* _DATA TO PROCESS_
============================================================

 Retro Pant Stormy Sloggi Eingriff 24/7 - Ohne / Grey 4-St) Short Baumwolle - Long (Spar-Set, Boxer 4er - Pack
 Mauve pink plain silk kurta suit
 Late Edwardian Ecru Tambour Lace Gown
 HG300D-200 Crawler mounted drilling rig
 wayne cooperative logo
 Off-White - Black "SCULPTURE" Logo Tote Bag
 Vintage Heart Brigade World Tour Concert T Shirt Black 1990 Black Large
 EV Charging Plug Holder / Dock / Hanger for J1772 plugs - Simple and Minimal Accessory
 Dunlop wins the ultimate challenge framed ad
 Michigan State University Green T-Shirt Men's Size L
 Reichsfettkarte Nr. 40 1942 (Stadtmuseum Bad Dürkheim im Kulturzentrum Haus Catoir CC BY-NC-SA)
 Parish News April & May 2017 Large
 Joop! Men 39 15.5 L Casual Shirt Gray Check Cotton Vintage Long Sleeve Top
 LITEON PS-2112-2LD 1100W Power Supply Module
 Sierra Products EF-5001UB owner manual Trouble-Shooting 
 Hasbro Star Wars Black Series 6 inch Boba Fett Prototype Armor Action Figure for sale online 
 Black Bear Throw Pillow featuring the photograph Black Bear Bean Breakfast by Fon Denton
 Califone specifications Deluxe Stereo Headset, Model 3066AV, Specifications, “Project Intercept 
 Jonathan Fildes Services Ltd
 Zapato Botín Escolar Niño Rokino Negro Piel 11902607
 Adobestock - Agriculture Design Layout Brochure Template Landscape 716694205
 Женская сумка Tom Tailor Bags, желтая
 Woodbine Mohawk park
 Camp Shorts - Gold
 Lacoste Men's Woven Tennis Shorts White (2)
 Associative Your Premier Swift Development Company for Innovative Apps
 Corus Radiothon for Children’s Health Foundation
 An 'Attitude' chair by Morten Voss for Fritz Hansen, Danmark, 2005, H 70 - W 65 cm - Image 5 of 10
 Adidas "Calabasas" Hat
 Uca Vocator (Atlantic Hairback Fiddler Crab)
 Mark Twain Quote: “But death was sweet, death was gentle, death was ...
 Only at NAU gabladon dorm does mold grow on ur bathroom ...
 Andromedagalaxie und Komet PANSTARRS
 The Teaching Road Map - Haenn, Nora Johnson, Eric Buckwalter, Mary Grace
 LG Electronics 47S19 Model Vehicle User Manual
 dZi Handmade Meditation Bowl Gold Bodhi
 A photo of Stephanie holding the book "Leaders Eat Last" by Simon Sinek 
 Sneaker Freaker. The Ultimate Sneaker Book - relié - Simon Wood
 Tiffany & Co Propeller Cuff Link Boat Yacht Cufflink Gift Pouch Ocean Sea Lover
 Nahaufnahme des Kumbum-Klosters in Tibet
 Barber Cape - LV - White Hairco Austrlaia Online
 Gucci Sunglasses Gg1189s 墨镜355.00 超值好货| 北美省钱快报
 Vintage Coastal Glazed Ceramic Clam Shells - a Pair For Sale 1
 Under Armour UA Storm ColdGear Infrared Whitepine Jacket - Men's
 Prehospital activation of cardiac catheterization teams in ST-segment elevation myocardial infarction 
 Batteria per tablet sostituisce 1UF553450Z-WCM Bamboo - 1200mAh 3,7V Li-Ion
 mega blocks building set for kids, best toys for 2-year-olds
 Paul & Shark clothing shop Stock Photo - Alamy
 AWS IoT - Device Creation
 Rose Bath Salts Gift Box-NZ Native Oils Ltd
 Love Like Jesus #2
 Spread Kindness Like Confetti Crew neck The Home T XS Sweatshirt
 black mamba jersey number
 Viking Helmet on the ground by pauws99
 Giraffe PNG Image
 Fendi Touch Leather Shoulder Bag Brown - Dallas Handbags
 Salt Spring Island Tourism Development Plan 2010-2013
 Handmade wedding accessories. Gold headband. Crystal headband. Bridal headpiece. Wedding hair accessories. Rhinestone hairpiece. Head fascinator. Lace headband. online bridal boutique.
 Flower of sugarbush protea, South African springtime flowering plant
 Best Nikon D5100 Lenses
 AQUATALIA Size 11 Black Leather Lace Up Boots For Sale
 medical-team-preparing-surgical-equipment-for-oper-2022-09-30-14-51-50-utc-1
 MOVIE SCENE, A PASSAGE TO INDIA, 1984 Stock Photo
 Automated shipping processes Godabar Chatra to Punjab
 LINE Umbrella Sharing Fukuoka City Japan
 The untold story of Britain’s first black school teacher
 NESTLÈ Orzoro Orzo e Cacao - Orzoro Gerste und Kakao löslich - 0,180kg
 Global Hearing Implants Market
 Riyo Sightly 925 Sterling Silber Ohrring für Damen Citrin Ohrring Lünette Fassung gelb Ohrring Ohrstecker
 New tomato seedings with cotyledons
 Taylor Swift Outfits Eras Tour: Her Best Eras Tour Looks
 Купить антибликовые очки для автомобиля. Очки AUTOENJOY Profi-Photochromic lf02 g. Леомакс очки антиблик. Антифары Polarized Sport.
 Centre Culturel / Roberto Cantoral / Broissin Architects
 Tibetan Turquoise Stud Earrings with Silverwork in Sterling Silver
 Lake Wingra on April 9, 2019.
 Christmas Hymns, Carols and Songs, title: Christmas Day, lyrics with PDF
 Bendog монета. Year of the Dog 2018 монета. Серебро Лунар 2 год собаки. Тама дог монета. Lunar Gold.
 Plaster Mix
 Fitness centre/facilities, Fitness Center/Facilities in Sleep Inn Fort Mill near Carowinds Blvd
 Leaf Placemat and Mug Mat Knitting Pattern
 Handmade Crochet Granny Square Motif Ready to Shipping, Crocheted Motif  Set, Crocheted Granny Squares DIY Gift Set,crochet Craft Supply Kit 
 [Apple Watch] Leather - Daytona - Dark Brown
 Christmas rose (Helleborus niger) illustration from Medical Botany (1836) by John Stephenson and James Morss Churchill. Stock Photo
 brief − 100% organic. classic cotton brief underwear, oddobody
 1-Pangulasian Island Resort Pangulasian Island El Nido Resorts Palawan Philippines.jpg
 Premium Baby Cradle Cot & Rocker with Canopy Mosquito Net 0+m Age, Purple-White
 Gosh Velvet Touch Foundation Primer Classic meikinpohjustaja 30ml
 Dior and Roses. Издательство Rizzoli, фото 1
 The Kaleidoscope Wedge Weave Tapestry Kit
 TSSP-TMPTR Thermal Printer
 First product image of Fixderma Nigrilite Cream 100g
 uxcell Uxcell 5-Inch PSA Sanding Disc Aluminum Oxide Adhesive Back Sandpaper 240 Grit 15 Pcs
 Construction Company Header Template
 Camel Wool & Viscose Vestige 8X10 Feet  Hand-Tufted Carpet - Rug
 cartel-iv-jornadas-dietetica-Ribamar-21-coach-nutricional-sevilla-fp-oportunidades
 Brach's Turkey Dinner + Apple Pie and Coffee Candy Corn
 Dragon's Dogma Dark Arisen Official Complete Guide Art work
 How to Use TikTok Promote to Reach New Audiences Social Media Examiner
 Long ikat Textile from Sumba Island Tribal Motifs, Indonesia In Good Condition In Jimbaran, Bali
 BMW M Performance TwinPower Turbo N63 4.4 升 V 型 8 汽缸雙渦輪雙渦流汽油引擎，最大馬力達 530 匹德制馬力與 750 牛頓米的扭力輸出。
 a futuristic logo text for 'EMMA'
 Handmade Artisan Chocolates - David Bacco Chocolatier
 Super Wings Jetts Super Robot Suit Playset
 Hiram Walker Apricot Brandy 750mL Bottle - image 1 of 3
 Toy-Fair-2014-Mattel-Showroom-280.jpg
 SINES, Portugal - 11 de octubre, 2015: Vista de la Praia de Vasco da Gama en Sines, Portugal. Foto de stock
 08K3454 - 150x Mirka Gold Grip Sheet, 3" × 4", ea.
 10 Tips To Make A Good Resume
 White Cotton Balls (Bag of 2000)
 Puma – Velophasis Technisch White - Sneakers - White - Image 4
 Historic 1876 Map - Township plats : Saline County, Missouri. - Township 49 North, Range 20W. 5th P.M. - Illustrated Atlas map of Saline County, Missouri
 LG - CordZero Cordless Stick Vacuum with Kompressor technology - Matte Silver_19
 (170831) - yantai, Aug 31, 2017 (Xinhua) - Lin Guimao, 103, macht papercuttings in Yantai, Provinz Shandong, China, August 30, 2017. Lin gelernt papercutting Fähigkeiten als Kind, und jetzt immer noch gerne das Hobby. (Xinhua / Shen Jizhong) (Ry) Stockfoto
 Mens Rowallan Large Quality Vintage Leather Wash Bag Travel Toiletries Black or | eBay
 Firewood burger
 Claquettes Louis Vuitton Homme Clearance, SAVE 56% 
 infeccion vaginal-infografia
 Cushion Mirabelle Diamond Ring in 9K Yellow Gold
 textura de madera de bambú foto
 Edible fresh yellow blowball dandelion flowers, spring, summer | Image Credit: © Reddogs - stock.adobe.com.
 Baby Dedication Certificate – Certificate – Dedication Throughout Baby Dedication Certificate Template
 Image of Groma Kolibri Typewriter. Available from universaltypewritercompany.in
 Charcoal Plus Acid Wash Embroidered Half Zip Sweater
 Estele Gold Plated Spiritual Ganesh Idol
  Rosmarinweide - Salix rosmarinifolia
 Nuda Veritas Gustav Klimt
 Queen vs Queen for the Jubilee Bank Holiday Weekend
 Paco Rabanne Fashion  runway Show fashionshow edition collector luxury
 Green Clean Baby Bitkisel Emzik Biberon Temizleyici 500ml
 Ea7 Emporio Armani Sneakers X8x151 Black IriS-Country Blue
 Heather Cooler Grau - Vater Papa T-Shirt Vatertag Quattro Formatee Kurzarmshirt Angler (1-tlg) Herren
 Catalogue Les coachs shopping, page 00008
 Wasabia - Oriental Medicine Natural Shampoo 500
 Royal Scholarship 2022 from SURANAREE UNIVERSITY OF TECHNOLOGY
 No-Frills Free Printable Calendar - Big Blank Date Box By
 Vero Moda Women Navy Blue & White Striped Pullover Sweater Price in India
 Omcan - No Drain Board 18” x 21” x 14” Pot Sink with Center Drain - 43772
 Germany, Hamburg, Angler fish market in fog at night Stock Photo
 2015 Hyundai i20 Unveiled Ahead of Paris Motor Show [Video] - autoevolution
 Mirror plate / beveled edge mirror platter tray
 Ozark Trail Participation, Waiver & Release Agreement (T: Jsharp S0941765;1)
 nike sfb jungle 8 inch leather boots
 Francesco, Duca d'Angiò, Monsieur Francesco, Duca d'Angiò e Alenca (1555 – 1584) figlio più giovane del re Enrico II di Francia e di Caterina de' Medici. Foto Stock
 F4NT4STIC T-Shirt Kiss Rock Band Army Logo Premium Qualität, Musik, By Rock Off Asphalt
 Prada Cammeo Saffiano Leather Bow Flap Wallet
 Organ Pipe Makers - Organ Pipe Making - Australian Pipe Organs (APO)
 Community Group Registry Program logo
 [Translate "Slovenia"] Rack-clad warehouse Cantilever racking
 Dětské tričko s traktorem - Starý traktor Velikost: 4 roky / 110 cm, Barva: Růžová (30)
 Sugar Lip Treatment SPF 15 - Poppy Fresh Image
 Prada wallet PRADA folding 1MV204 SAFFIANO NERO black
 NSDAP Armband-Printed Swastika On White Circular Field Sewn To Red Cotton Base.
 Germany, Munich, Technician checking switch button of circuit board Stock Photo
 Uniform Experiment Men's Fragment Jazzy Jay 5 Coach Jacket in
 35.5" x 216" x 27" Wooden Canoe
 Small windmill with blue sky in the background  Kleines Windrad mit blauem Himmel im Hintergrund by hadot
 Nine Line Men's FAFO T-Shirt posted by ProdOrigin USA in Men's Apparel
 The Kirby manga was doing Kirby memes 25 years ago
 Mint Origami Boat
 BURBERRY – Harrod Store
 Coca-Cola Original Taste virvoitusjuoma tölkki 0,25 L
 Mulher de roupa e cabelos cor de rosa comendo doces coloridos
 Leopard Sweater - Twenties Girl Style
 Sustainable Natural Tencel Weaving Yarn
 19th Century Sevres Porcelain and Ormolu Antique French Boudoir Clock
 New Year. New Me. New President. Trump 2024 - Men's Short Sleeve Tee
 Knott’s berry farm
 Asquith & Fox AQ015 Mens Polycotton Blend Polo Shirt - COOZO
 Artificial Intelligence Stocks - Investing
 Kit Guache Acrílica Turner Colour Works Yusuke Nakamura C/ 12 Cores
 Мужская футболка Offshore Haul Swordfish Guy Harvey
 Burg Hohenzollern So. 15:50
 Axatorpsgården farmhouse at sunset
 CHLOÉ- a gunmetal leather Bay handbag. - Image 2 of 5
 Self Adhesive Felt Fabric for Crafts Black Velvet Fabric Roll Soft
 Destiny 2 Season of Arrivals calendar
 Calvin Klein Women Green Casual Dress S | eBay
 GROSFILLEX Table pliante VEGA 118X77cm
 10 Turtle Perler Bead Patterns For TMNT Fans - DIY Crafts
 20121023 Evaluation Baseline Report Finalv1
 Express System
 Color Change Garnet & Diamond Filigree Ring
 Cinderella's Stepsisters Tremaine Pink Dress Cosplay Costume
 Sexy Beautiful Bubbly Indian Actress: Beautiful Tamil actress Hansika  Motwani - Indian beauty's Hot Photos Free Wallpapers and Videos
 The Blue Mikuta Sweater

============================================================

* _WORK ORDER_
Scan the data above, please, and give the number of lines where the word "Long" occurs, with no further text.

* _TASK RESULT_
3